#### [Task to carry out]
Copy out the full listing exactly, omitting any picture it contains.
━━━ Supplied material
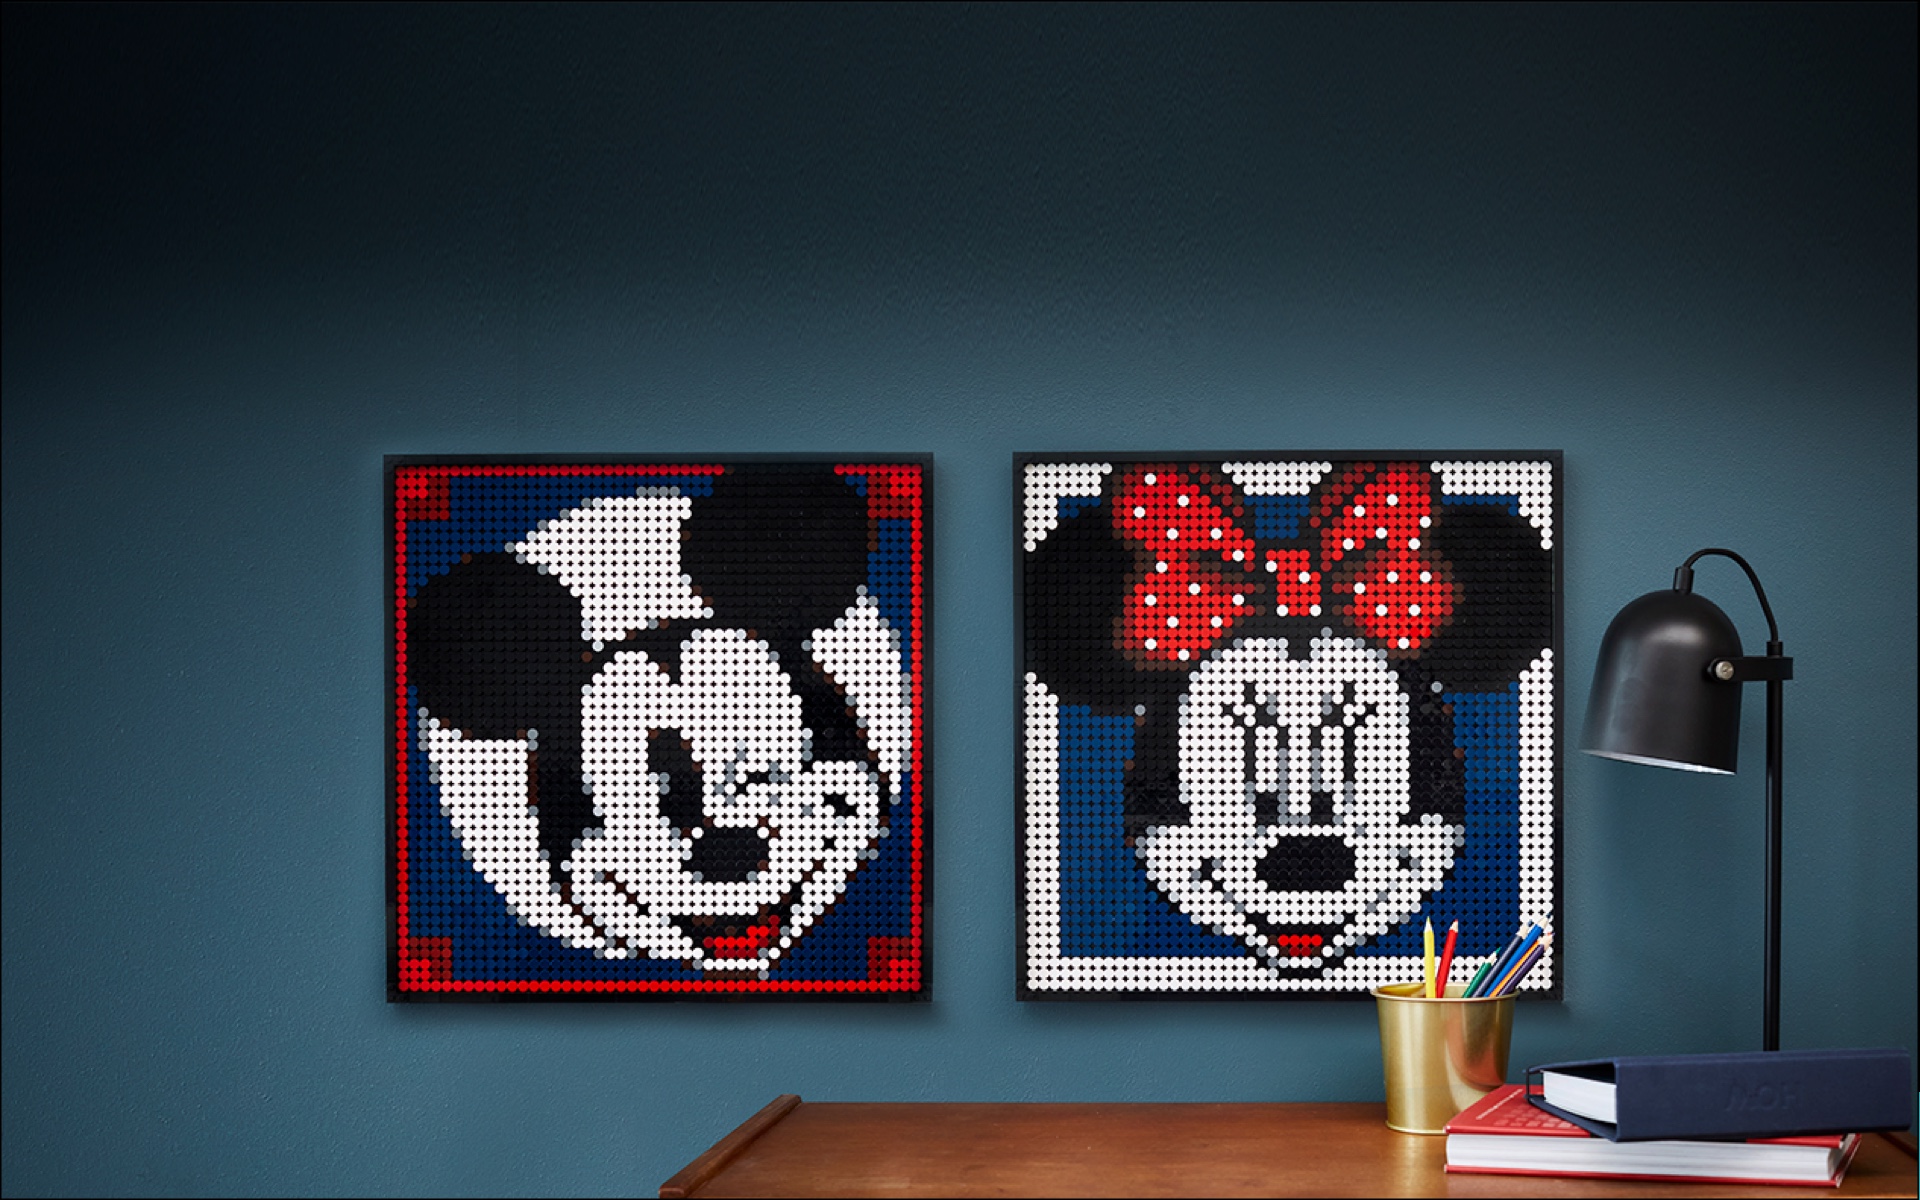 I made a Galaxy Themed Mickey Mouse Wallpaper, Enjoy! : r/disney
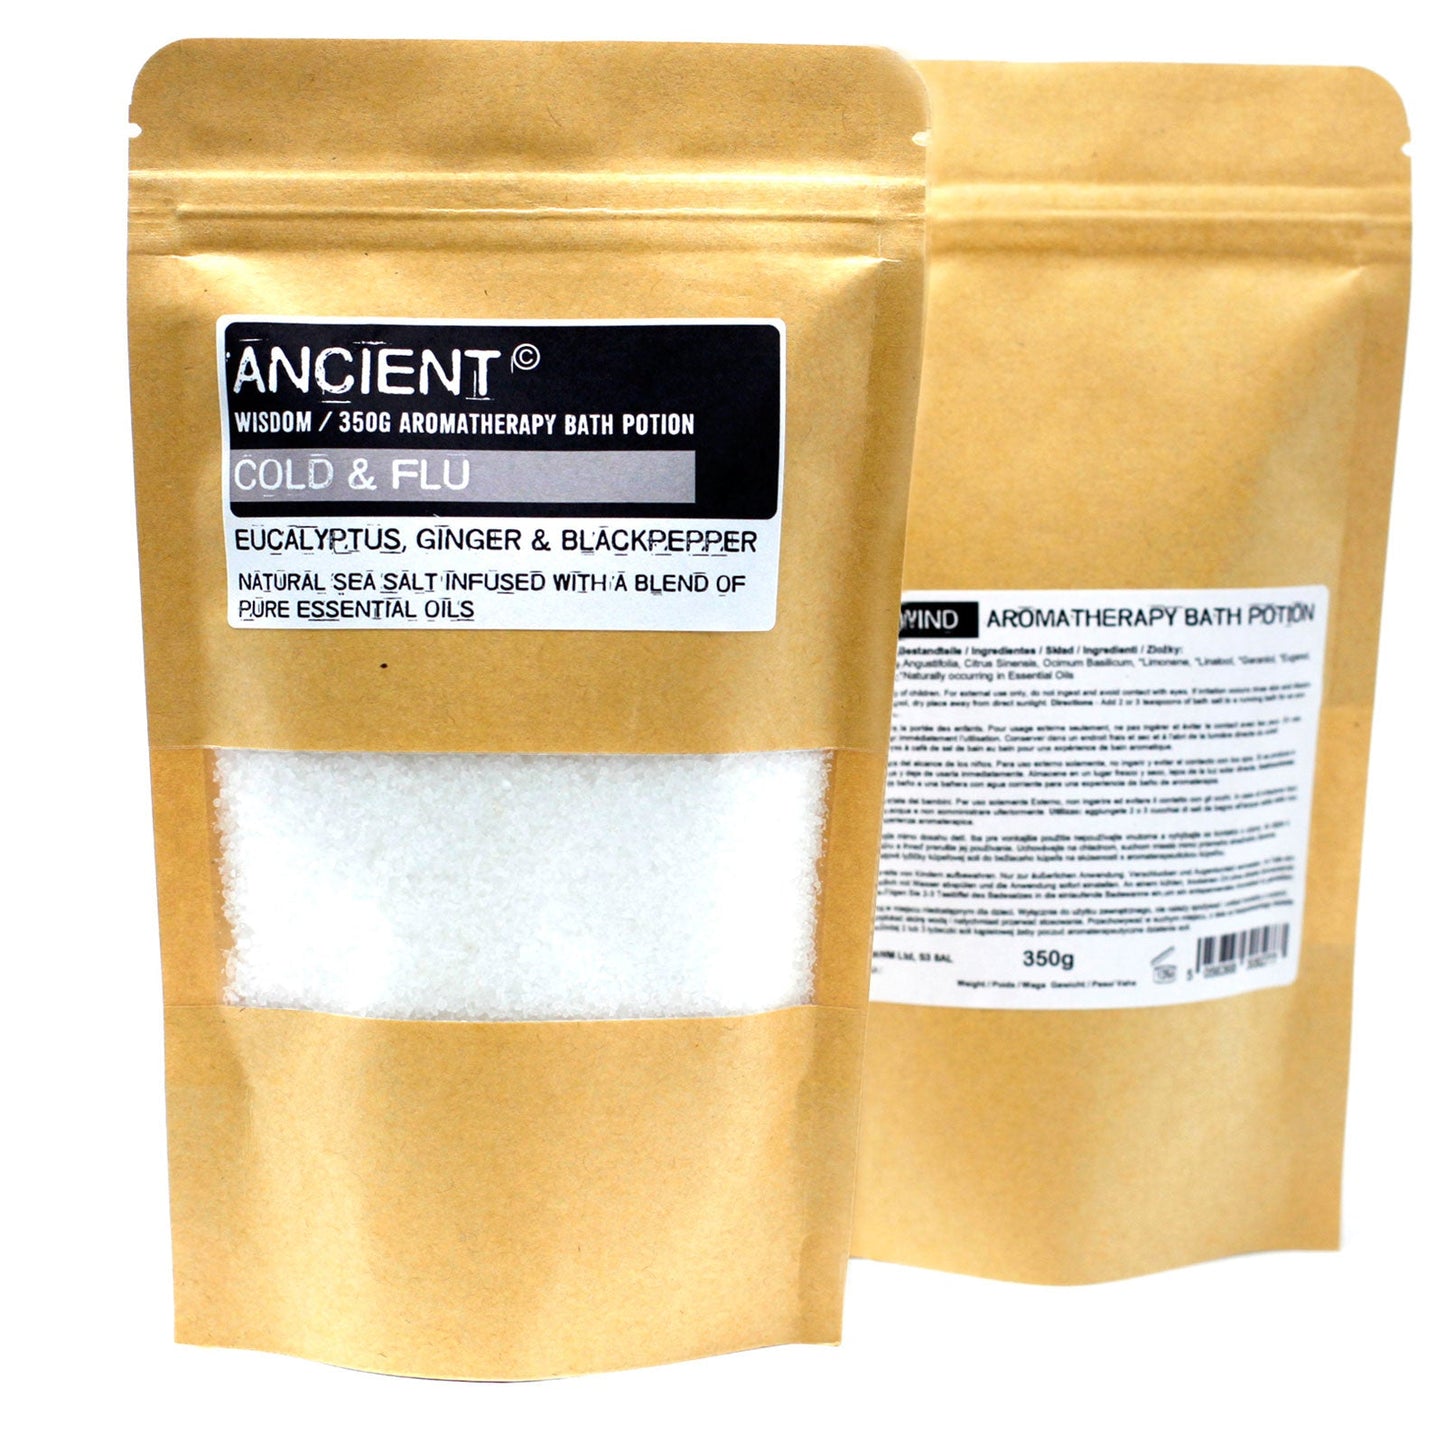 Aromatherapy Bath Potions - Bath Salts Aromatherapy Bath Potions Soul Inspired Colds & Flu - Eucalyptus, Ginger & Blackpepper 
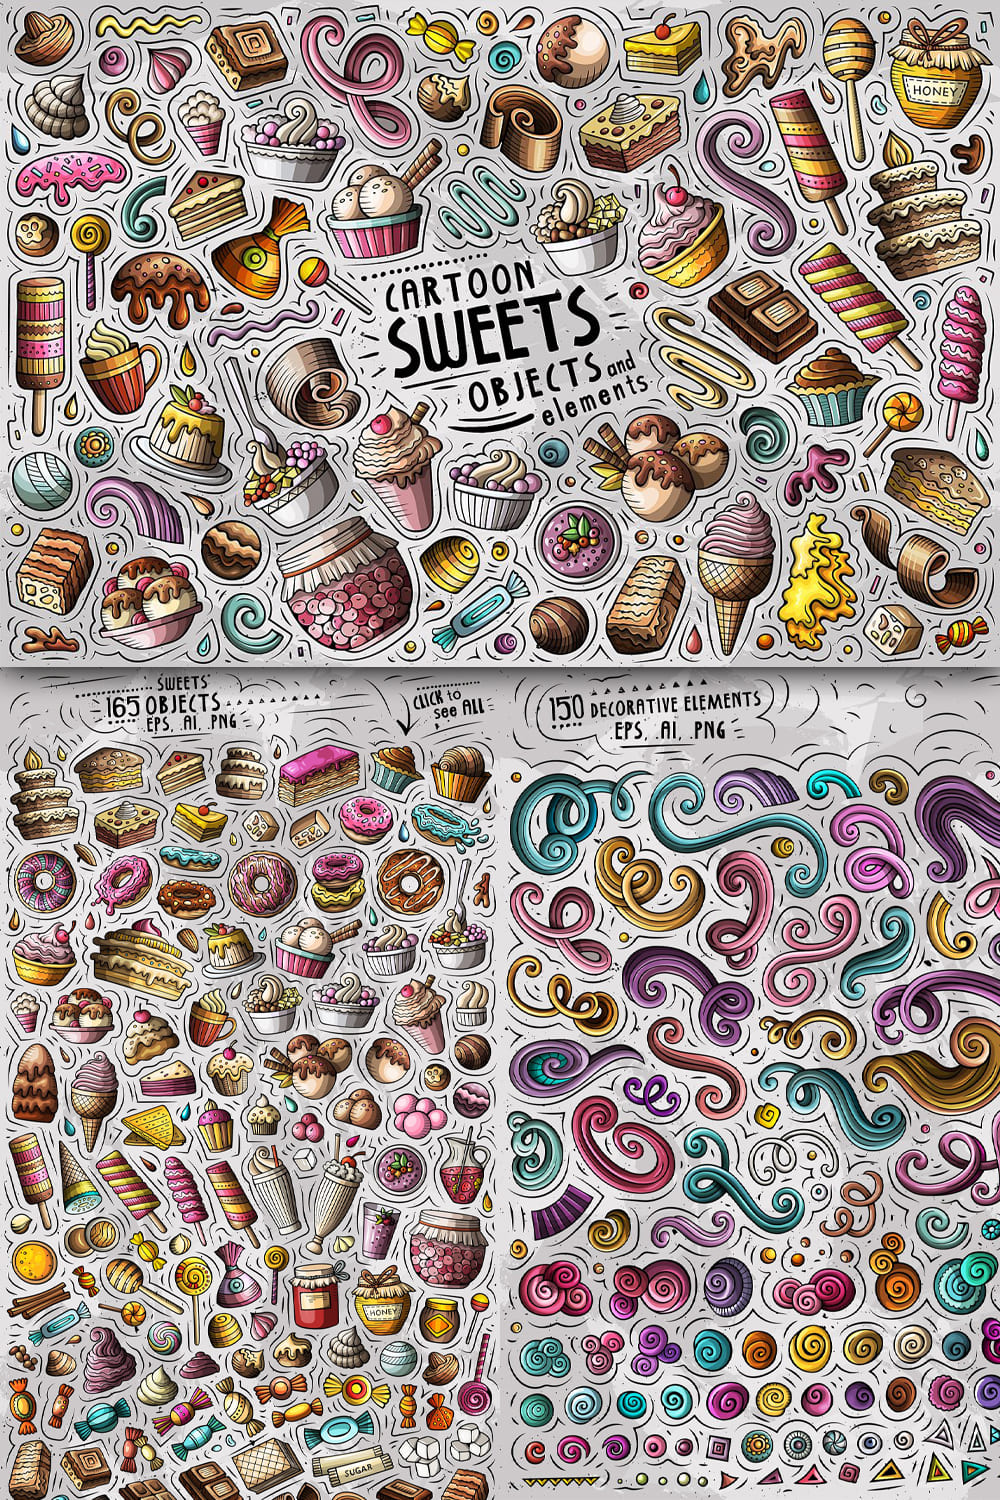 Sweet Food Cartoon Objects Set Pinterest 1000 1500.
━━━━━━
#### [Exercise solution]
 I made a Galaxy Themed Mickey Mouse Wallpaper, Enjoy! : r/disney
 Aromatherapy Bath Potions - Bath Salts Aromatherapy Bath Potions Soul Inspired Colds & Flu - Eucalyptus, Ginger & Blackpepper 
 Sweet Food Cartoon Objects Set Pinterest 1000 1500.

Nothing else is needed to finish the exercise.